Information shown:

•••••

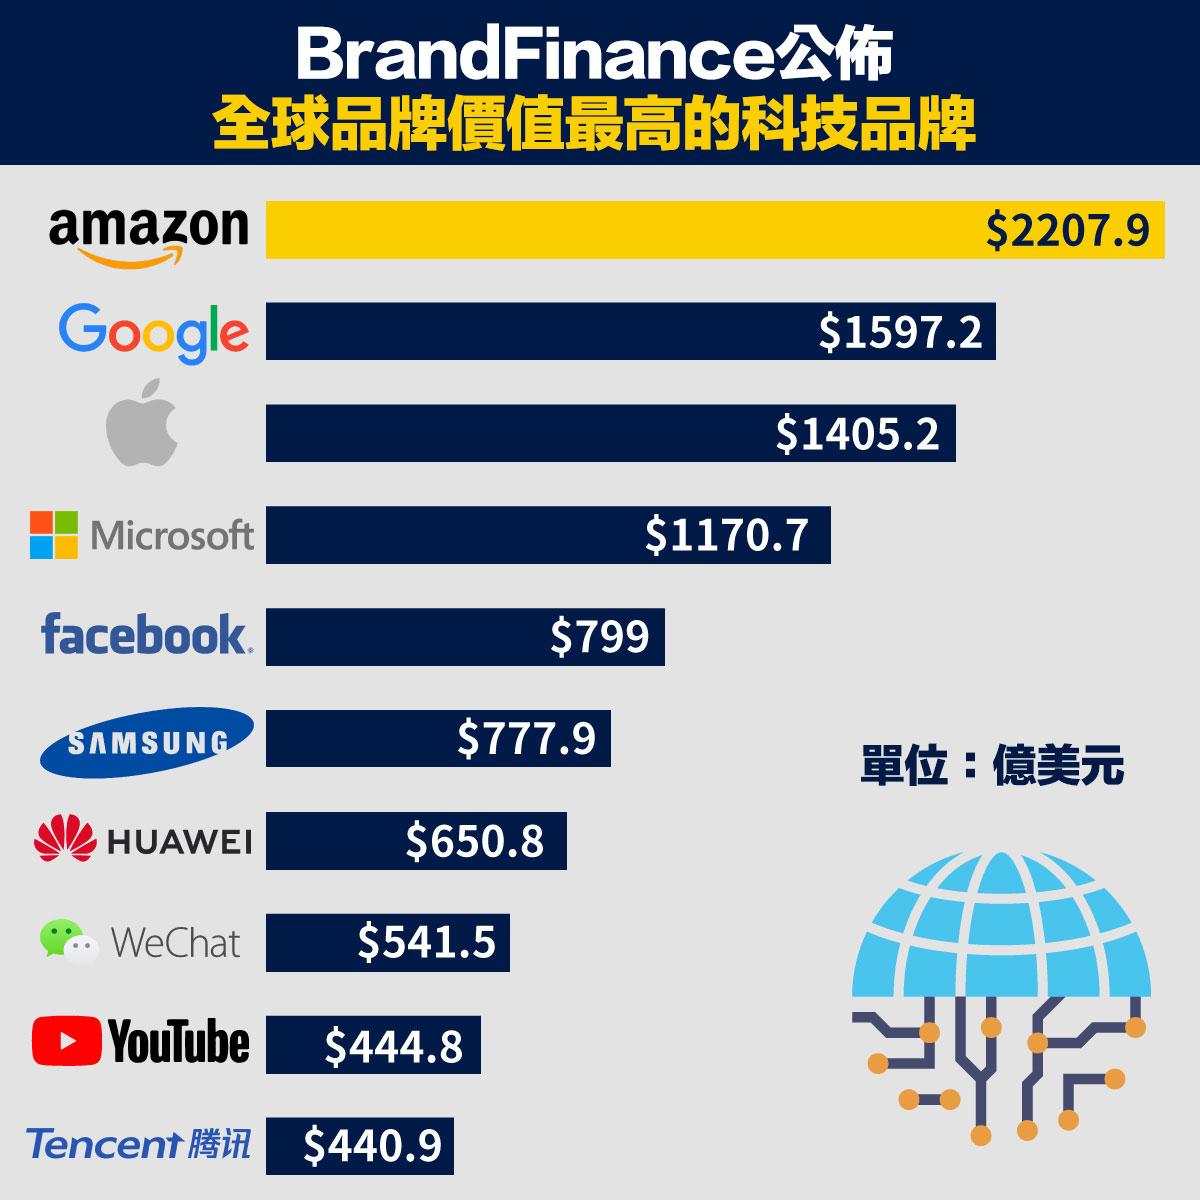 Brand Finance發佈全球最有價值的100大科技品牌榜單,其中,amazon以品牌總價值約2208億美元(約1.7萬億港元)蟬聯第一
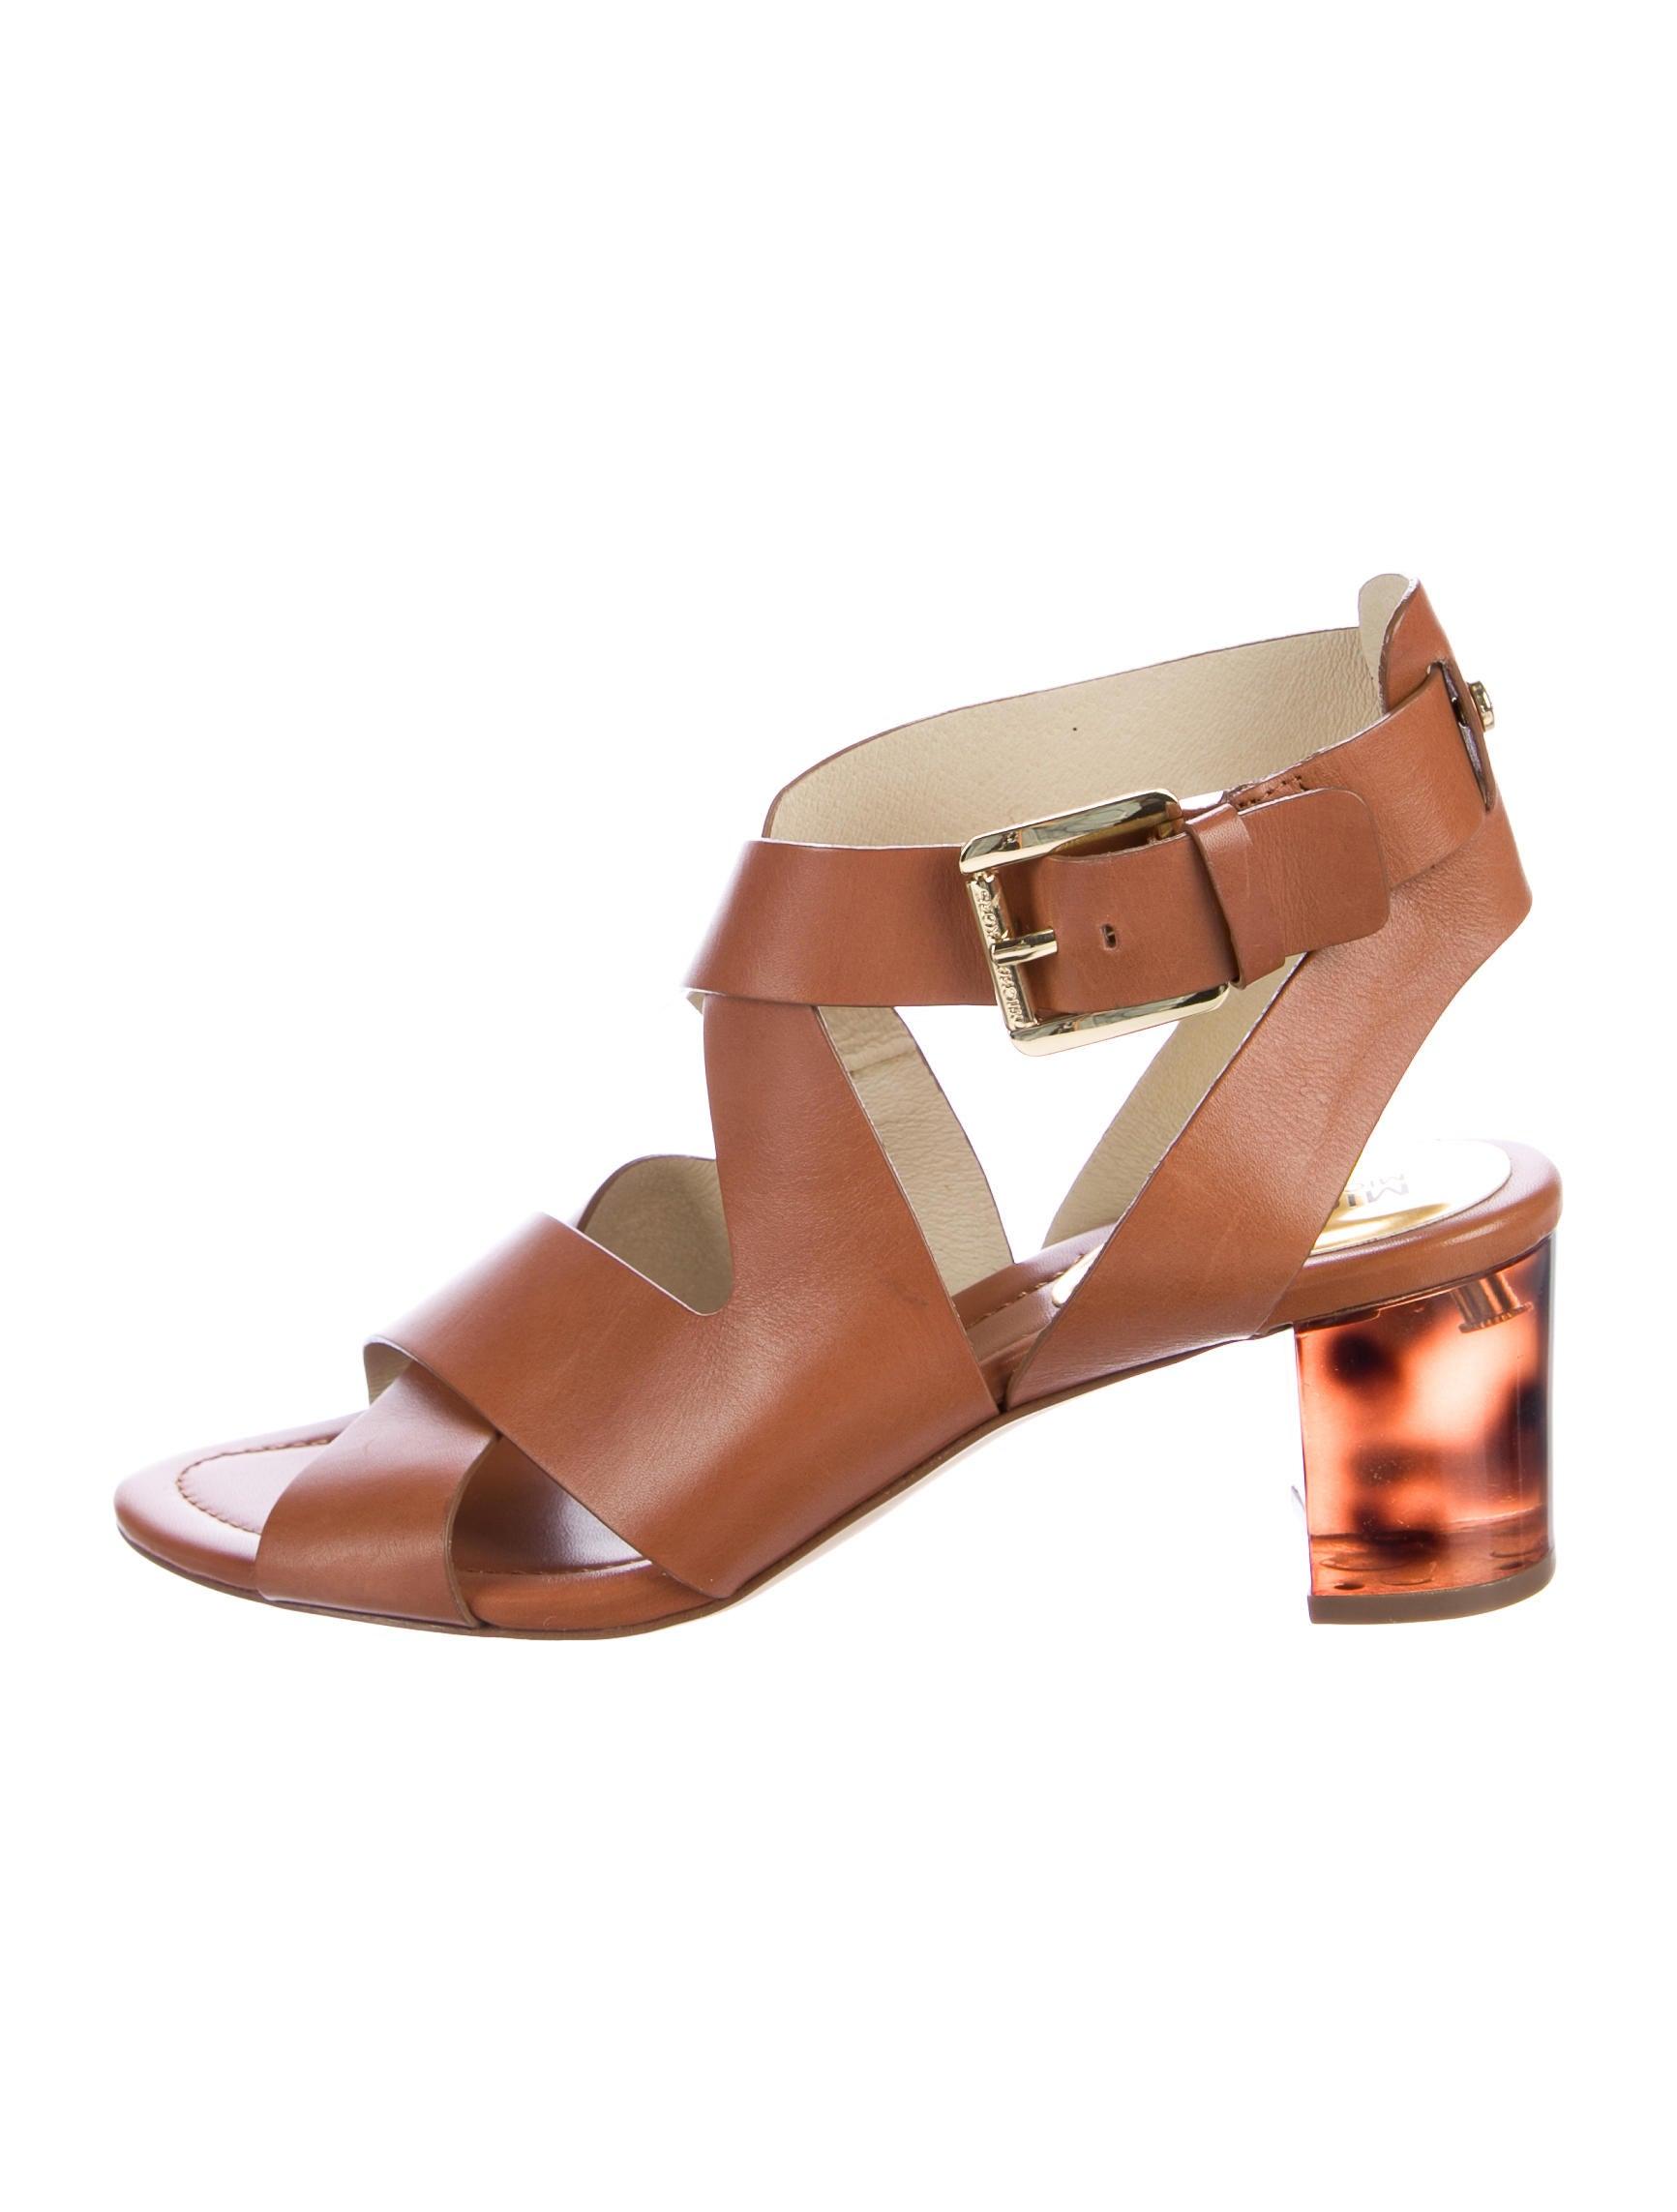 Michael Kors Sandals And Shoes Sale
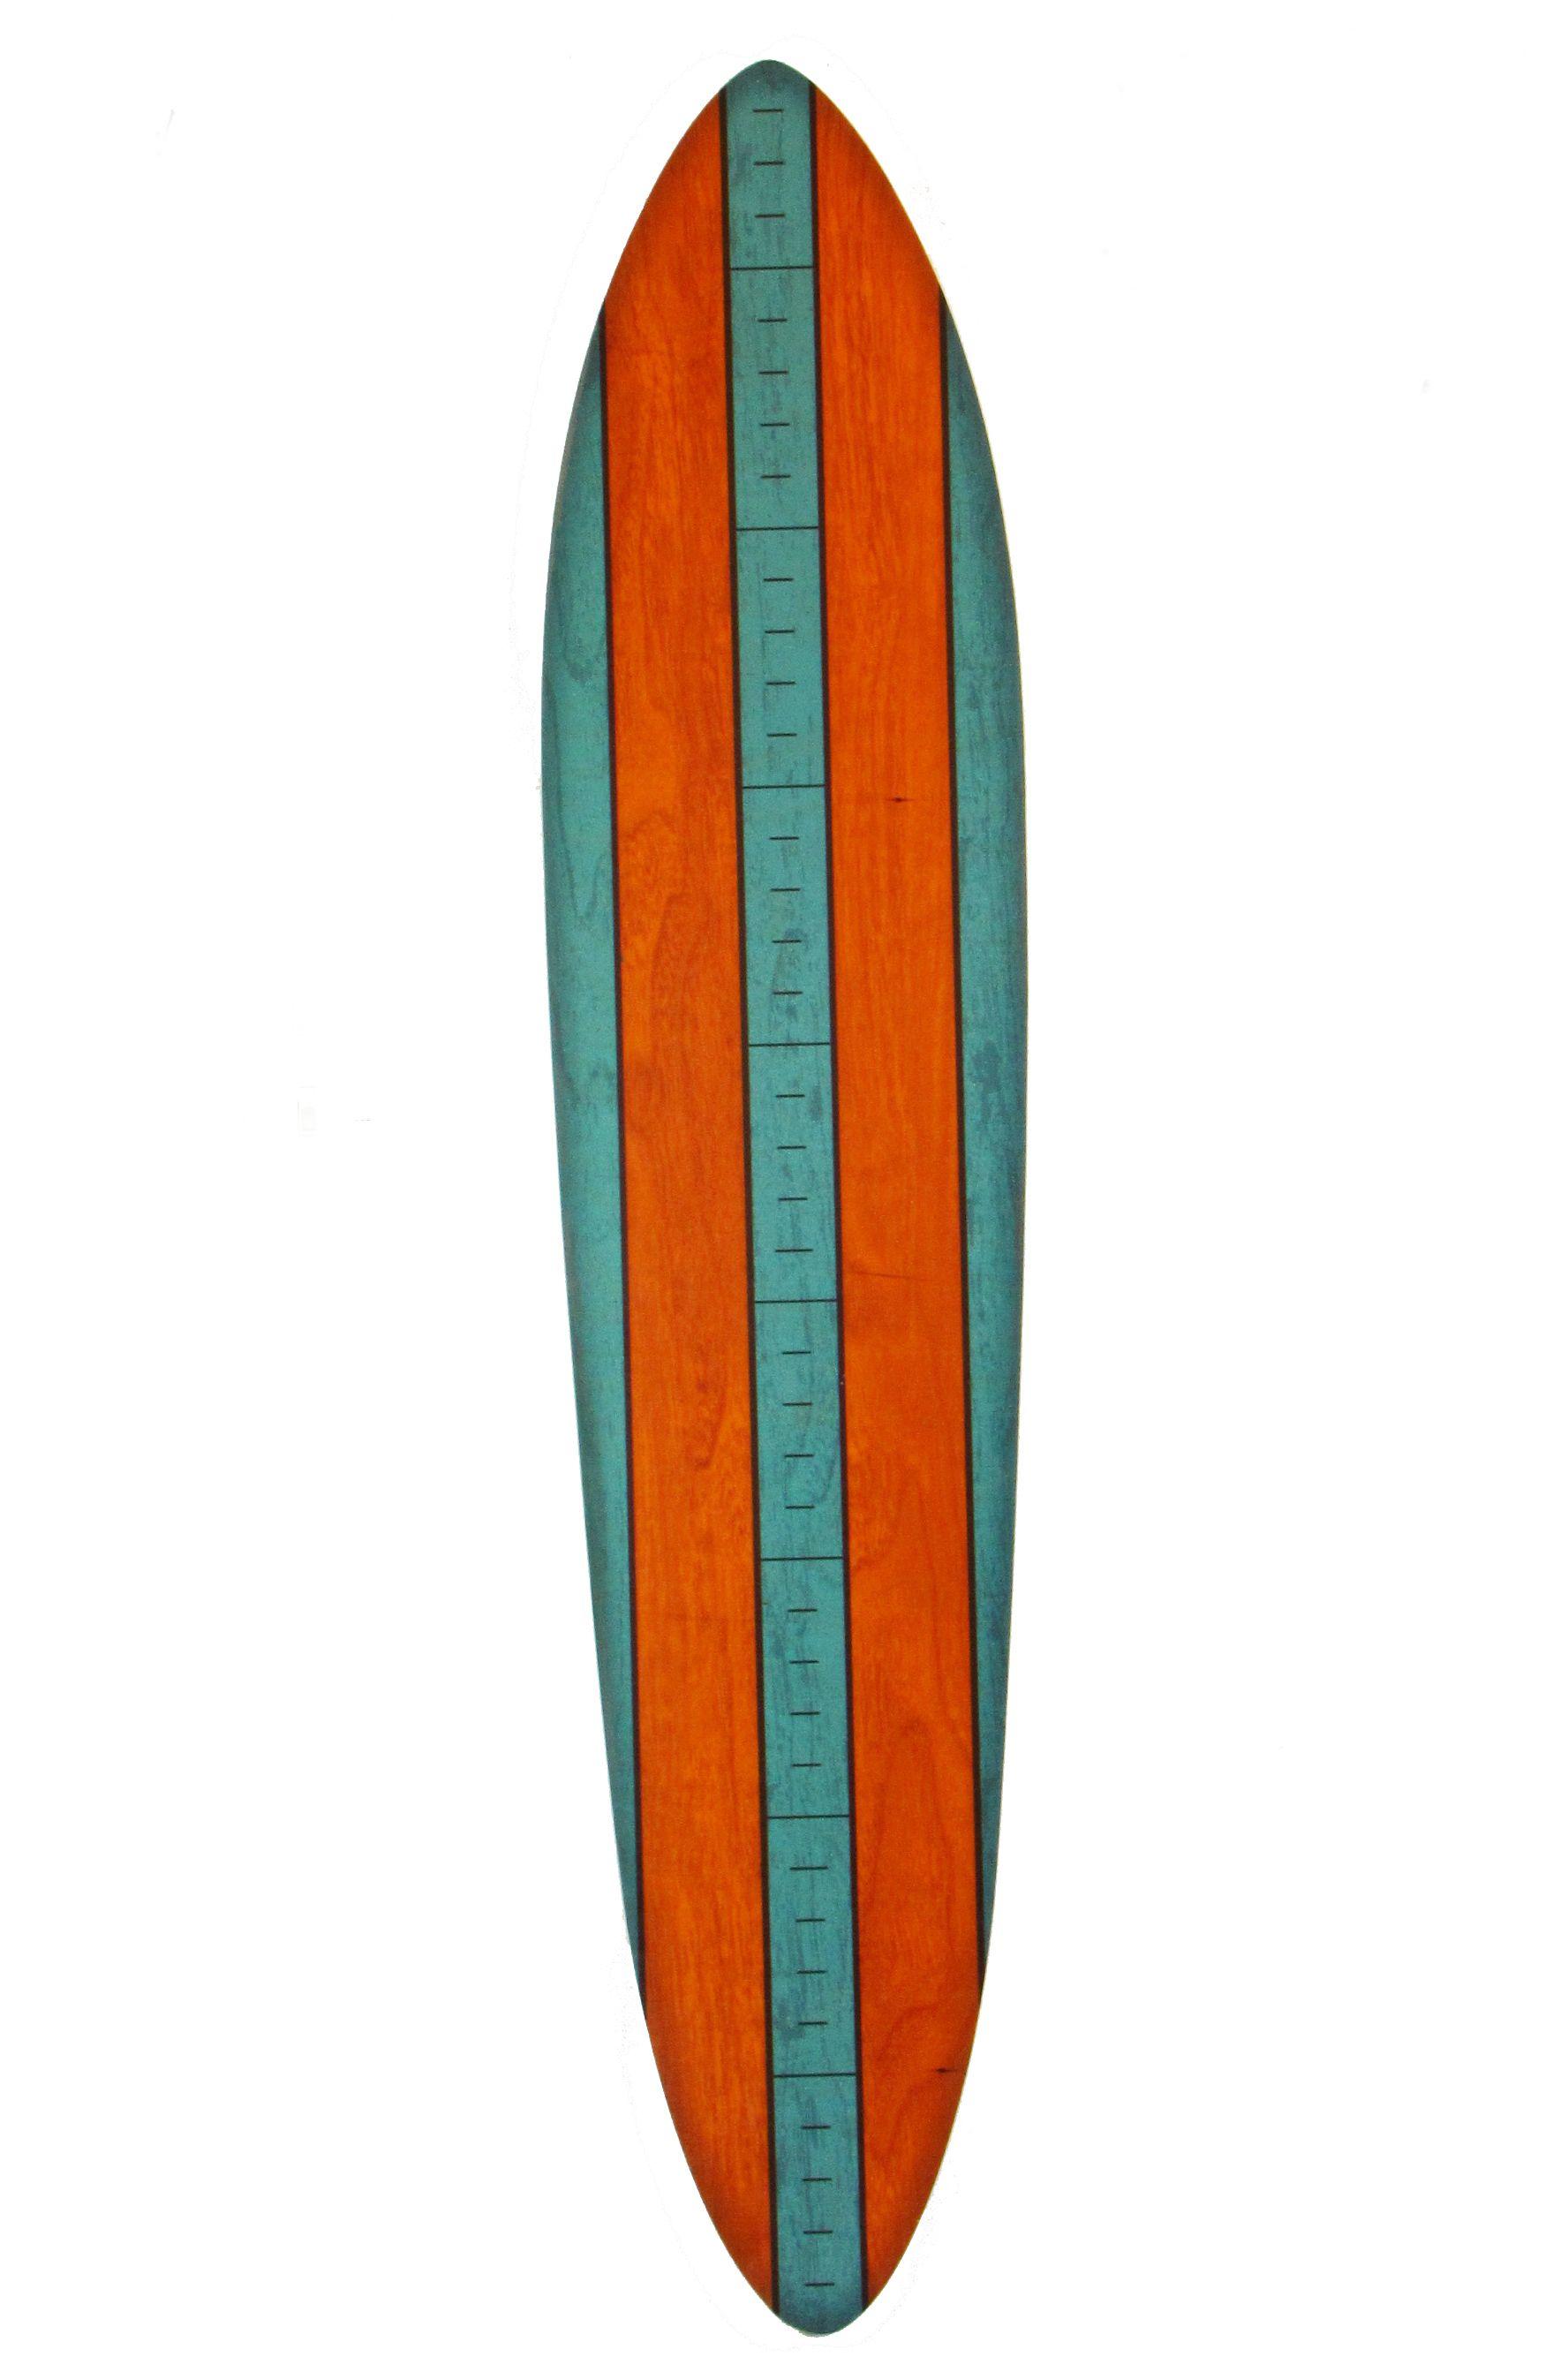 surfboard13jpg 17762152686 surfs up pinterest

•••••

Directions:
Reproduce all of the data exactly, omitting each picture it holds.

The answer:
 Brand Finance發佈全球最有價值的100大科技品牌榜單,其中,amazon以品牌總價值約2208億美元(約1.7萬億港元)蟬聯第一
 Michael Kors Sandals And Shoes Sale
 surfboard13jpg 17762152686 surfs up pinterest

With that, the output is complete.